Trajectory Analysis of Masked Diffusion LMs for Graph-to-Text Generation with Lambda-Scaled Structural Decoding
This paper presents the first systematic study of masked diffusion language models (MDLMs) for graph-to-text generation, analyzing the order in which tokens are unmasked during iterative decoding. The authors find MDLMs naturally unmask entities first, then relational/function words, then structural tokens—a pattern disrupted by supervised fine-tuning, which prematurely anchors structural tokens and causes hallucination or omission. They propose lambda-scaled structural decoding, a training-free inference-time fix that recovers +9.4 BLEU-4, and introduce Graph-LLaDA, which integrates a Graph Transformer encoder into LLaDA's decoding process. Cross-dataset evaluation on the LAGRANGE benchmark shows prior baselines overfit to dataset-specific patterns while MDLM-based approaches generalize better.
FMLM+ introduces Posterior Refinement for fast non-autoregressive language generation
Researchers introduce FMLM+, a framework combining Flow Map Language Models with masking-style noise schedules to enable joint sequence generation with per-token global consistency scoring. The key contribution is Posterior Refinement, an inference-time self-correction strategy that matches discrete baseline performance with 32x fewer neural function evaluations (NFEs). The approach improves the speed-quality tradeoff over both Masked Diffusion Models and standard FLMMs across multiple benchmarks, addressing longstanding factorization error problems in non-autoregressive generation.
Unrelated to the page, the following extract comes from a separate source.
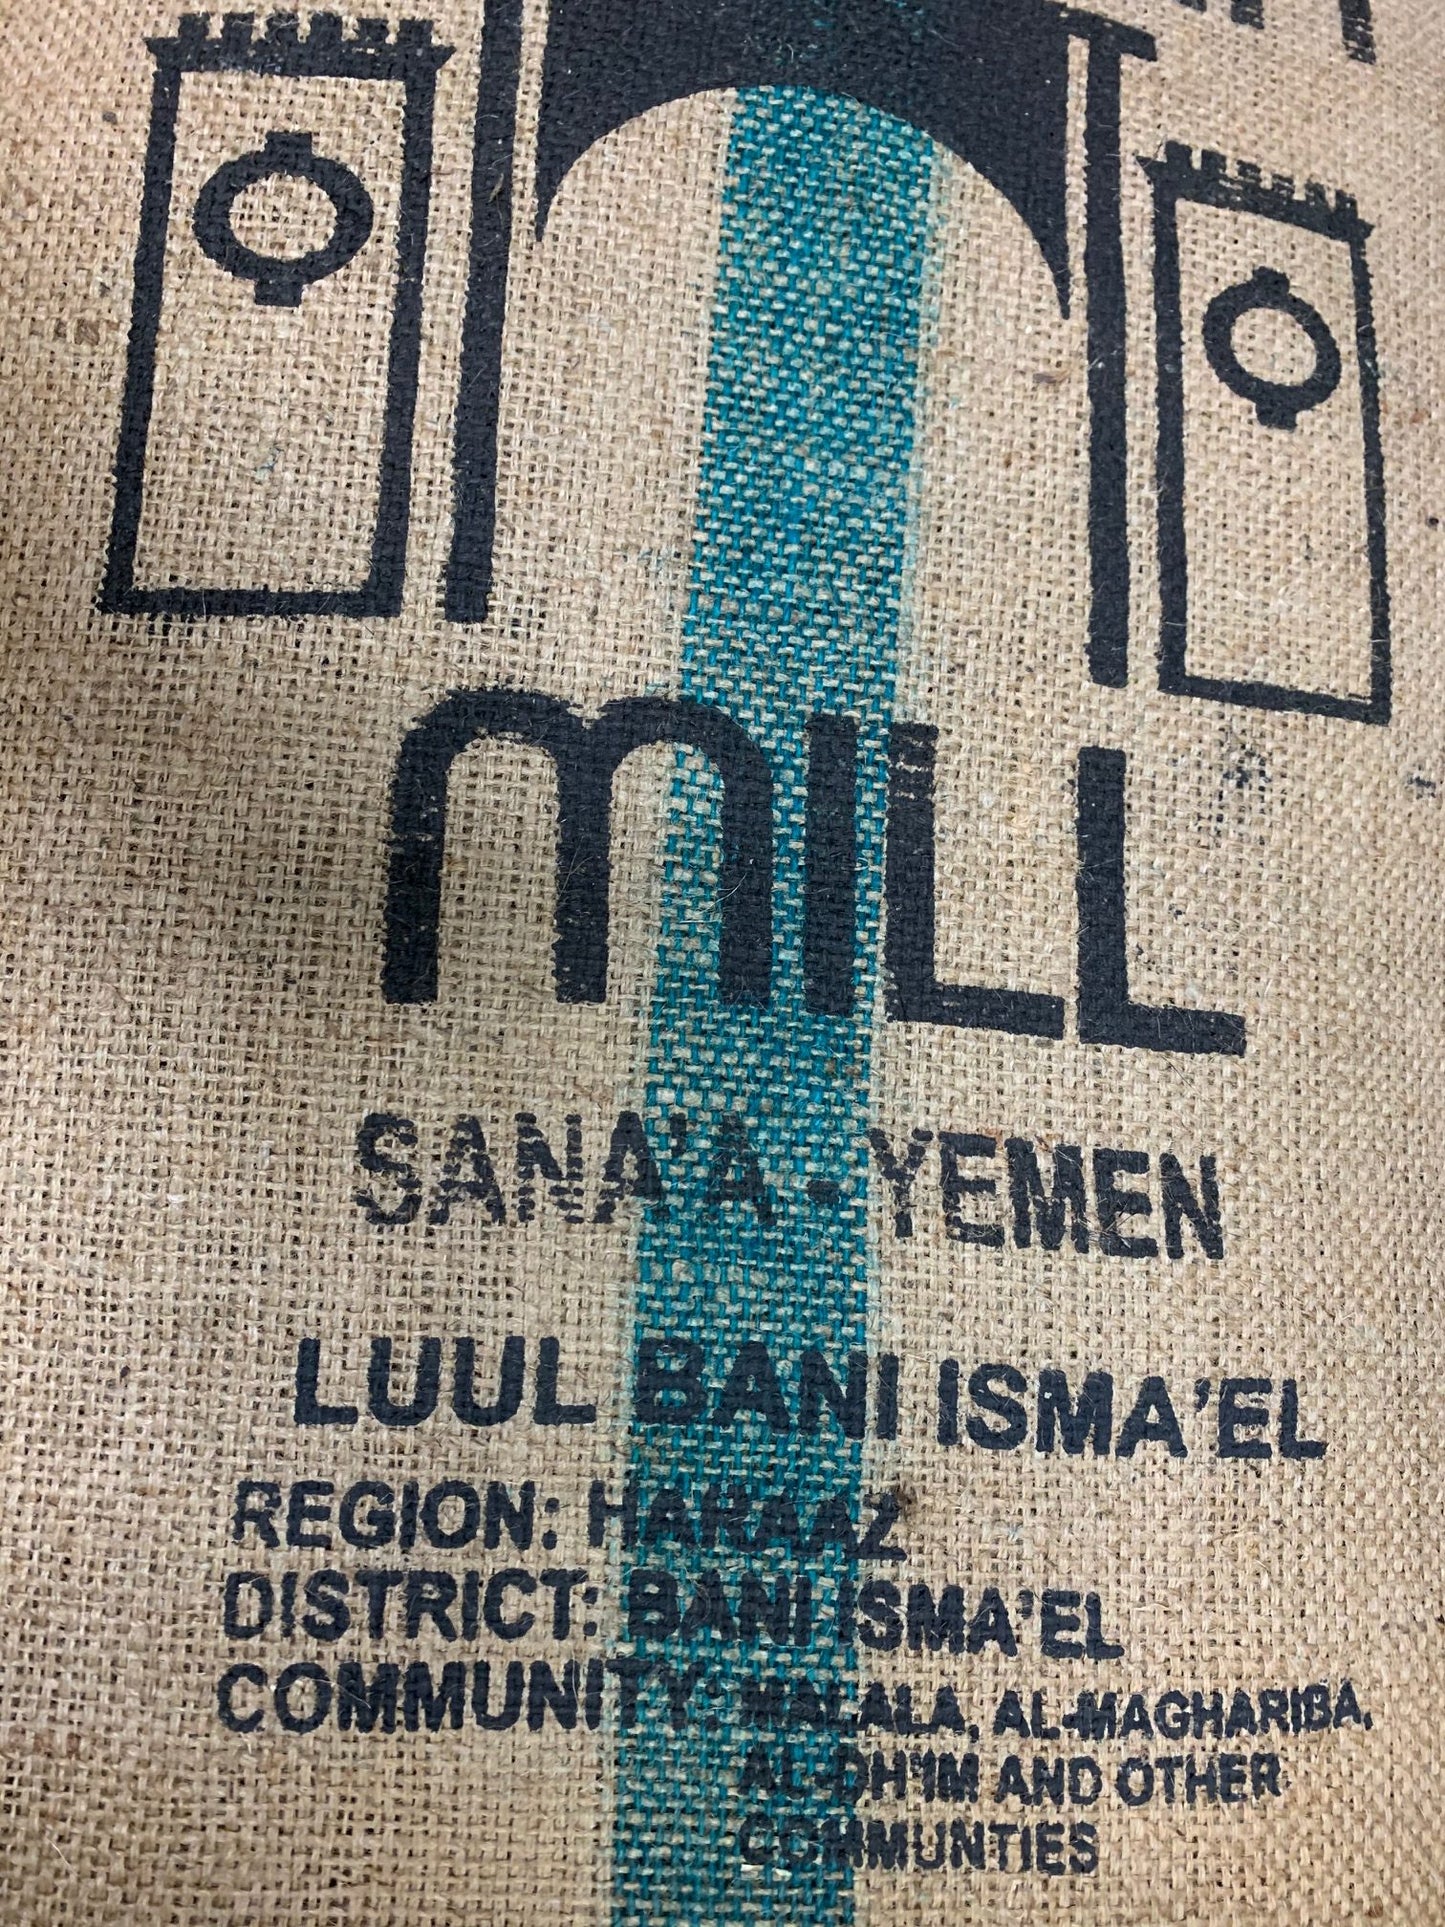 Yemen Mocha coffee burlap sack

StarCoder: A State-of-the-Art LLM for Code
Hugging Face and ServiceNow released StarCoder, a large language model for code trained on permissively licensed data from The Stack dataset. The model targets code generation, completion, and understanding tasks and is positioned as an open-weights alternative to proprietary code models. The release includes model weights, training details, and an associated technical report.
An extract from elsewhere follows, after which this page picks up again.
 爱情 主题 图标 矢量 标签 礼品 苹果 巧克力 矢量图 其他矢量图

LeVo 2: Hybrid LLM-Diffusion framework for stable full-length song generation with hierarchical modeling
LeVo 2 is a new hybrid LLM-Diffusion system for controllable full-length song generation that addresses the coherence-vs-acoustics trade-off through hierarchical token prediction: a language model handles semantic planning via mixed tokens, then predicts vocal and accompaniment tracks in parallel, while a diffusion-based codec reconstructs waveforms. A key contribution is an aesthetics-guided progressive post-training schedule combining SFT, offline DPO, and semi-online DPO to separately optimize quality, controllability, and musicality. Expert listening tests show LeVo 2 outperforms open-source baselines across six subjective dimensions and approaches leading commercial systems on several metrics.